The team led by Kavli IPMU Visiting Associate Scientist and The University of Tokyo Institute for Physics of Intelligence Assistant Professor Tilman Hartwig, including Visiting Associate Scientist and National Astronomical Observatory of Japan Assistant Professor Miho Ishigaki, Visiting Senior Scientist and the University of Hertfordshire Professor Chiaki Kobayashi, Visiting Senior Scientist and National Astronomical Observatory of Japan Professor Nozomu Tominaga, and Visiting Senior Scientist and The University of Tokyo Professor Emeritus Ken'ichi Nomoto, utilized artificial intelligence to analyze elemental abundances in more than 450 extremely metal-poor stars that they observed.

They discovered that 68% of the observed highly metal-poor stars had a chemical fingerprint consistent with enrichment by several prior supernovae based on the newly built supervised machine learning technique trained on theoretical supernova nucleosynthesis models.

The team's findings provide the first quantifiable restriction based on observations of the earliest stars' multiplicity.

According to lead author Hartwig, the multiplicity of the early stars has only previously been anticipated through numerical simulations because there has previously been no method to test the theoretical prediction.

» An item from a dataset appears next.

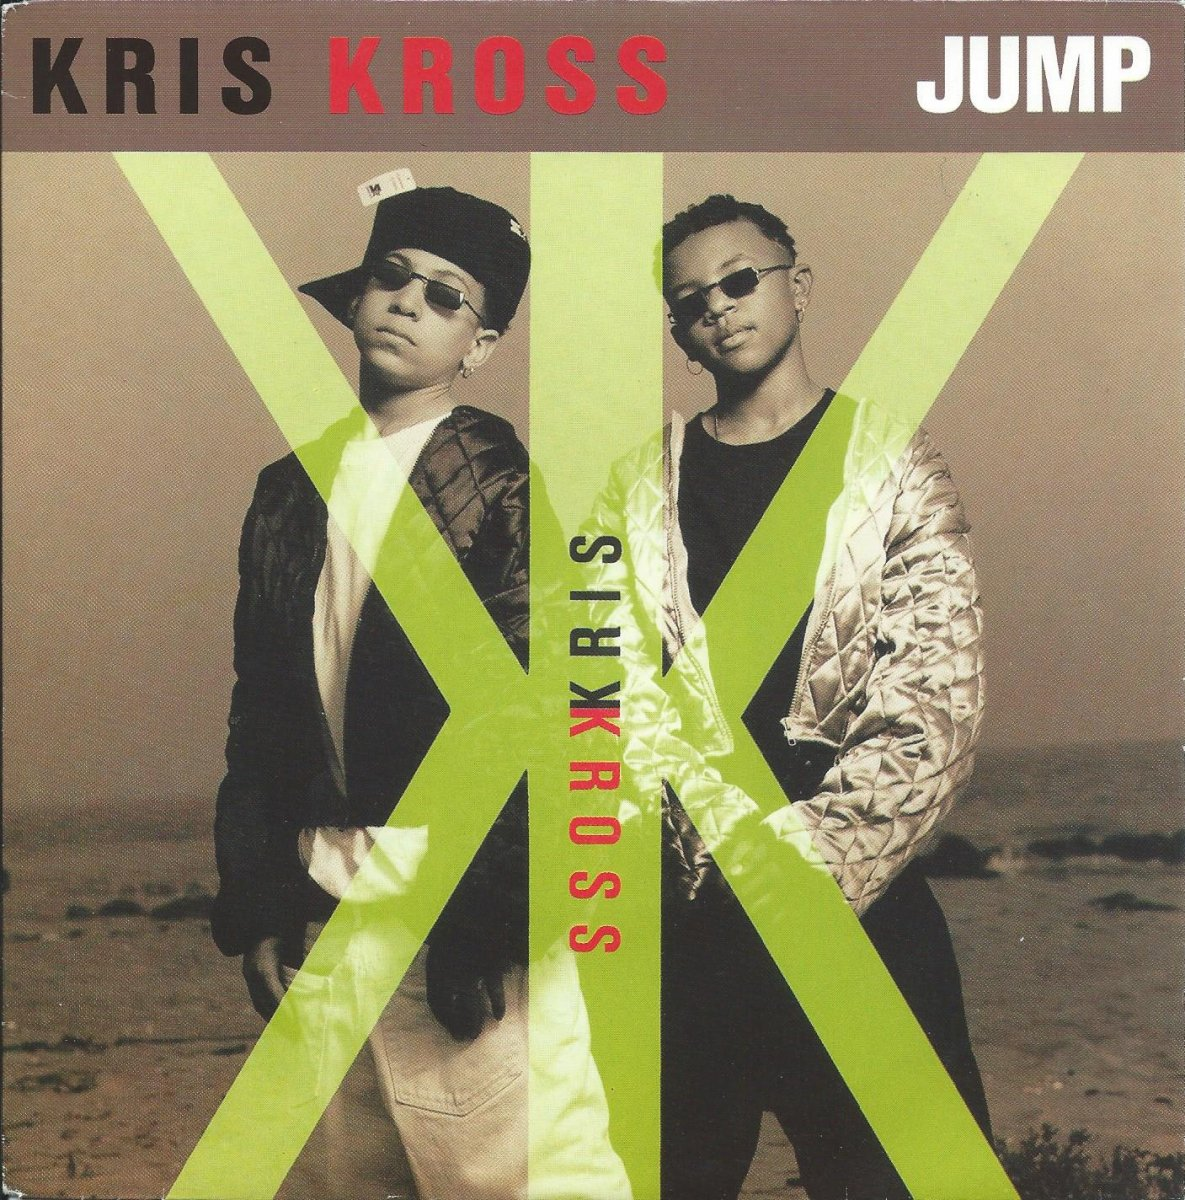 KRIS KROSS / JUMP / LIL BOYS IN DA HOOD (7

The findings revealed that most first stars formed in tiny clusters, so several of their supernovae might contribute to the early interstellar medium's metal enrichment.

According to Kobayashi, also a Leverhulme Research Fellow, the new algorithm gives an ideal tool to analyze the huge data they will have in the coming decade from ongoing and prospective astronomical surveys worldwide.

With the aid of the novel method developed in this study, it is now possible to maximize the variety of chemical fingerprints in metal-poor stars identified by the Prime Focus Spectrograph.

The study "Machine Learning Detects Multiplicity of the First Stars in Stellar Archaeology Data" is published in The Astrophysical Journal.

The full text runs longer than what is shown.